# Redfish Regatta Poll



## jim t (Sep 30, 2007)

I am thinking about changing the rules this year. I'd like to keep EVERYBODY in it till the last minute. 

I was thinking about LONGEST Redfish being the winner but I haven't tested how easy it is to get a picture of a Red next to a measuring stick or tape that is readable in the picture.

So I thought a fish with the MOST spots on ONE side or the other would be easier to take a good picture.

So it's up for a vote:

1. Longest fish

2. Most spots

3. The old way... MOST fish of any side

Jim


----------



## Flguy32514 (Sep 16, 2012)

Personally, I think most fish would be the most fun, could we do maybe something like most fish wins, most spots gets some secondary prize?


----------



## CCC (Sep 3, 2008)

Most fish


----------



## nextstep (Jun 27, 2008)

in years past the most fish ended up being a hand full of minnows.

longest


----------



## bonita dan (Oct 3, 2007)

I voted for longest since my tape measure is already rigged,Uh ready for this halfazzed tournament. Most folks that enter this can hardly count to 2 let alone read something with little hash marks in it and know what it means,basically there Stupid,there I said it!


----------



## Ocean Man (Sep 27, 2007)

I like the idea of the longest fish but either option would be fine. I'm most concerned about the weather....

*FriFeb 22*








70°F
61°F
T-Storms

Chance of rain:80%Wind:SSE at 11 mph 

*SatFeb 23*








67°
49°
T-Storms

Chance of rain:90%Wind:WNW at 9 mph 


*SunFeb 24*








69°
58°
Few Showers

Chance of rain:30%Wind:E at 9 mph


----------



## H2OMARK (Oct 2, 2007)

bonita dan said:


> I voted for longest since my tape measure is already rigged,Uh ready for this halfazzed tournament. Most folks that enter this can hardly count to 2 let alone read something with little hash marks in it and know what it means,basically there Stupid,there I said it!

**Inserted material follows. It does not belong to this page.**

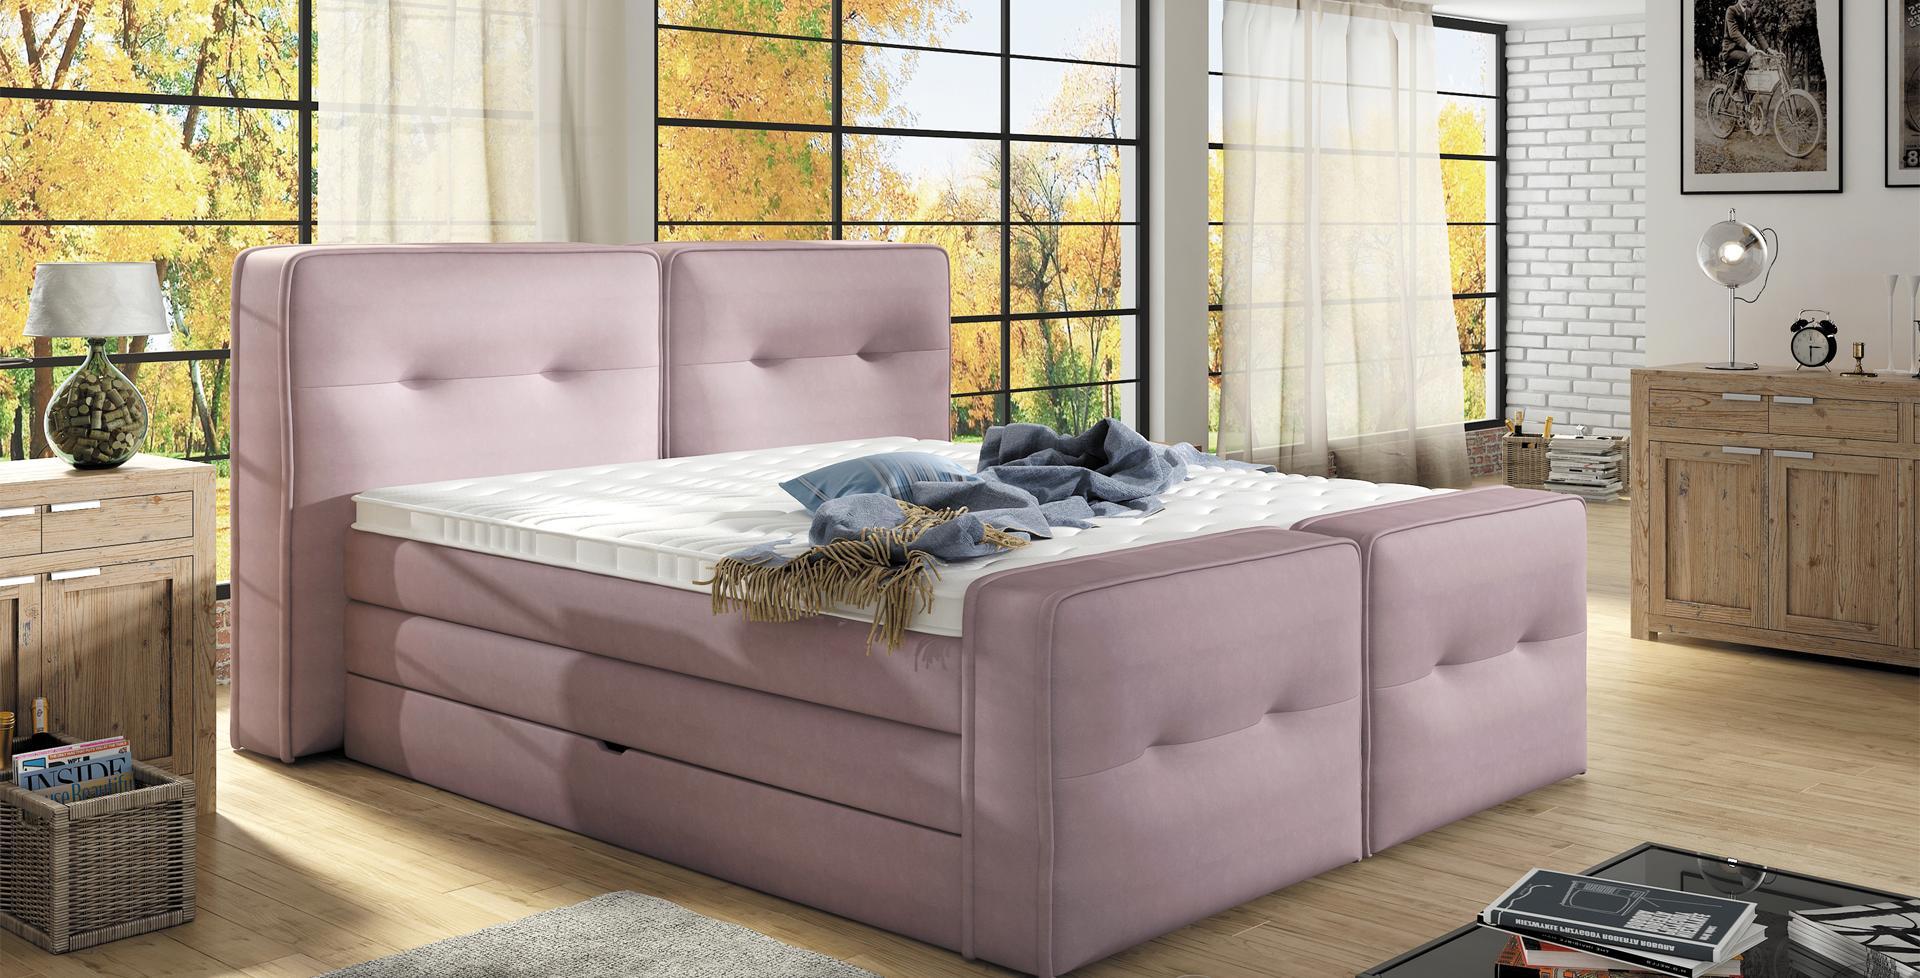 boxspringbett design bett topper federkern doppelbett polsterbett mit bettkasten falun xl www. Black Bedroom Furniture Sets. Home Design Ideas

I thought you wanted the longest because your tape measure shows 8 inches where the two inch hash really is..........:whistling: and only works in warm weather.


----------



## SHO-NUFF (May 30, 2011)

Dam, you Guys are rough! 
I think I would check the bilge pumps real good if you are planning on fishing this weekend.


----------



## reel_crazy (Oct 1, 2007)

i vote longest .. we will be using them metric inches

rich


----------